The “Heavenly Questions” to which Schnackenberg’s title refers are drawn from a set of Chinese poems called “Tianwen,” which ask a series of unanswerable philosophical questions. Schnackenberg consistently draws from this ancient work throughout her collection; her poems are replete with references to philosophy and the pursuit of beauty. But even as she ponders these questions, Schnackenberg does not attempt to find their answers. Rather, she focuses on the emotional weight of asking the questions themselves.
The collection is composed of six poems, all written in hypnotic, unrhymed iambic pentameter. They are abundant with sensuous imagery as well as some more unexpectedly scientific diction—the Latin name of a nautilus, or a description of the logarithmic spiral of a seashell. As Schnackenberg alternates between the vast environment of the sea and the enclosed space within hospitals, she creates a touching exploration of the idea of eternity.
The death of Gertrude Schnackenberg’s husband, the philosopher Robert Nozick (who passed away in 2002), plays a significant role in her poetry. Some of the poems, such as “Sublimaze” and “Venus Velvet No. 2,” take place in the hospital as Schnackenber sits with her husband, awaiting test results. The vivid language that Schnackenberg uses to describe the hospital brings out the beauty in this bleak setting. In one poem, she evokes an X-ray machine: “Black curtains sewn from bolts of consciousness / are held aside by seraphs in black corners: / a stream of flowing atoms, held aside.” In another, she refers to an elevator shaft as “abolished space.” These descriptions of her dreary surroundings have an almost dreamlike quality, especially in “Sublimaze,” where the hospital reminds her of the uncountable doors of a legendary church.

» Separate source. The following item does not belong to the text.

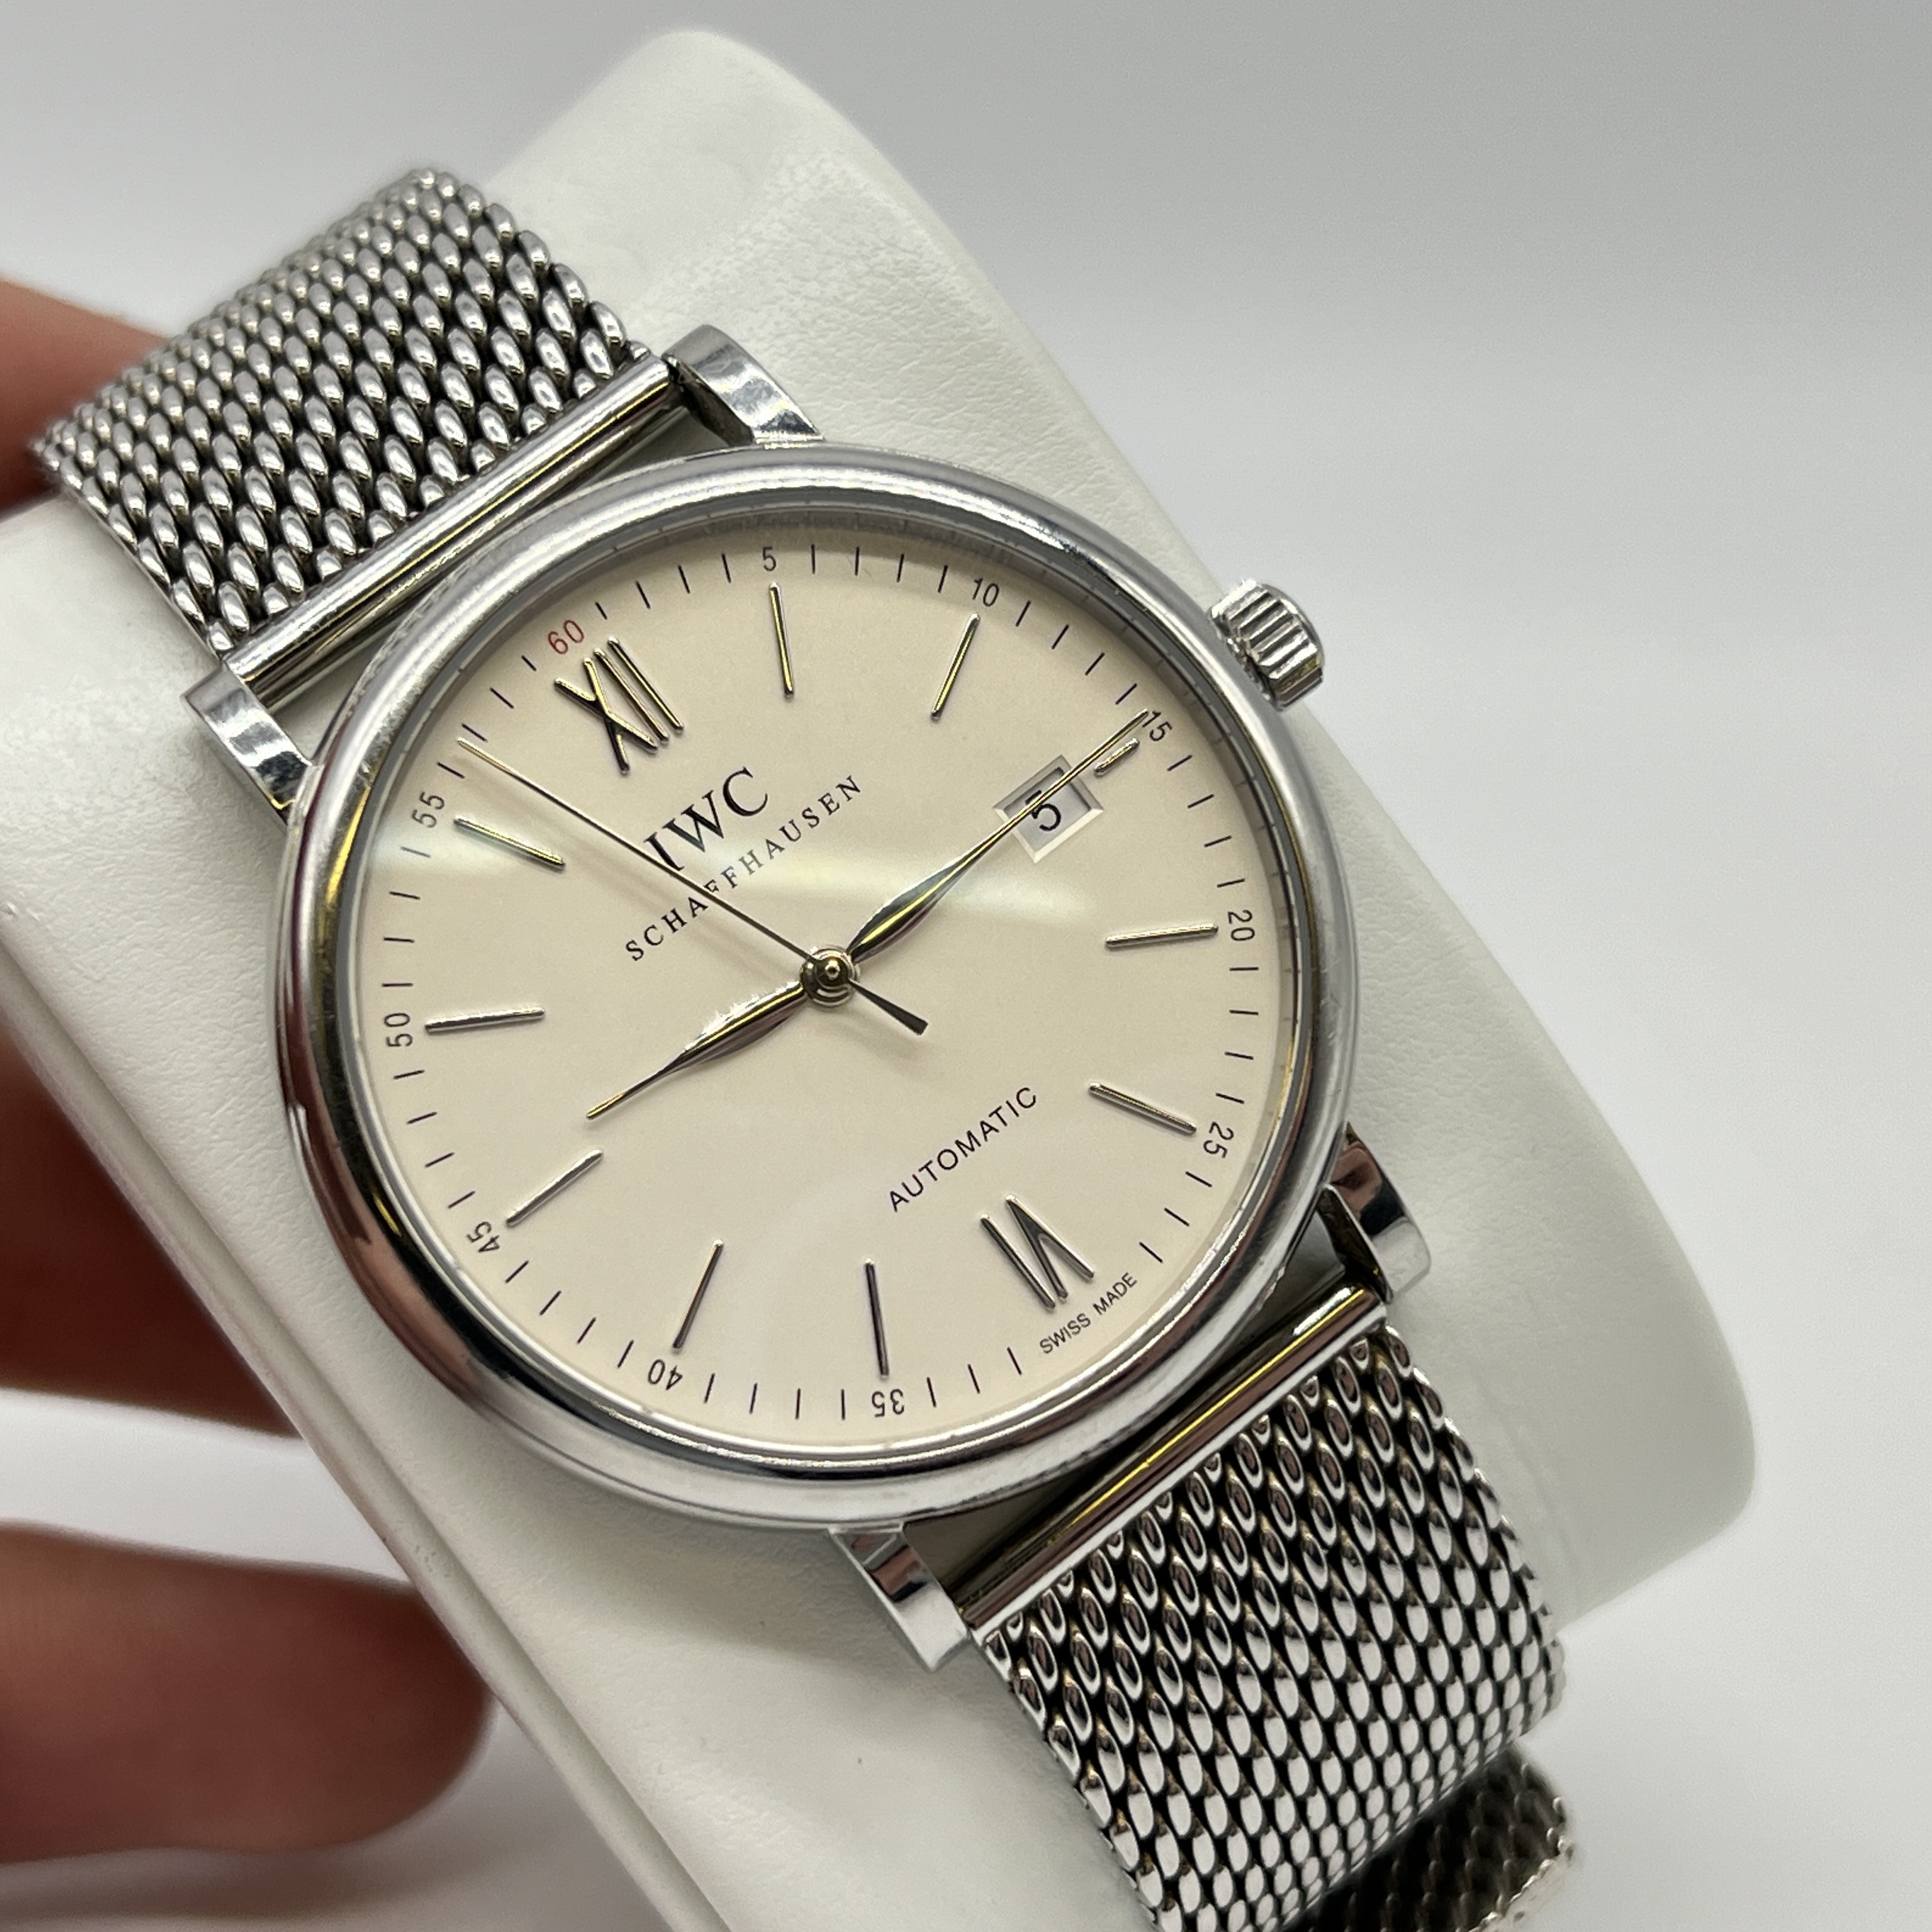 A Gents IWC Schaffhausen Portofino Automatic Watch - Image 6 of 11

But even in the midst of these lofty visions, the poet’s meditations always circle back to her loved one’s dire condition: “I reasoned that if someone swept a hand / And all the locks fell open all at once / And if the door fell open, he would live.” This plea underlies all of the poems and is echoed in the simple line: “No questions anymore. Just let him live.” In its simplicity, this sentiment is far more powerful than all of her cerebral questions.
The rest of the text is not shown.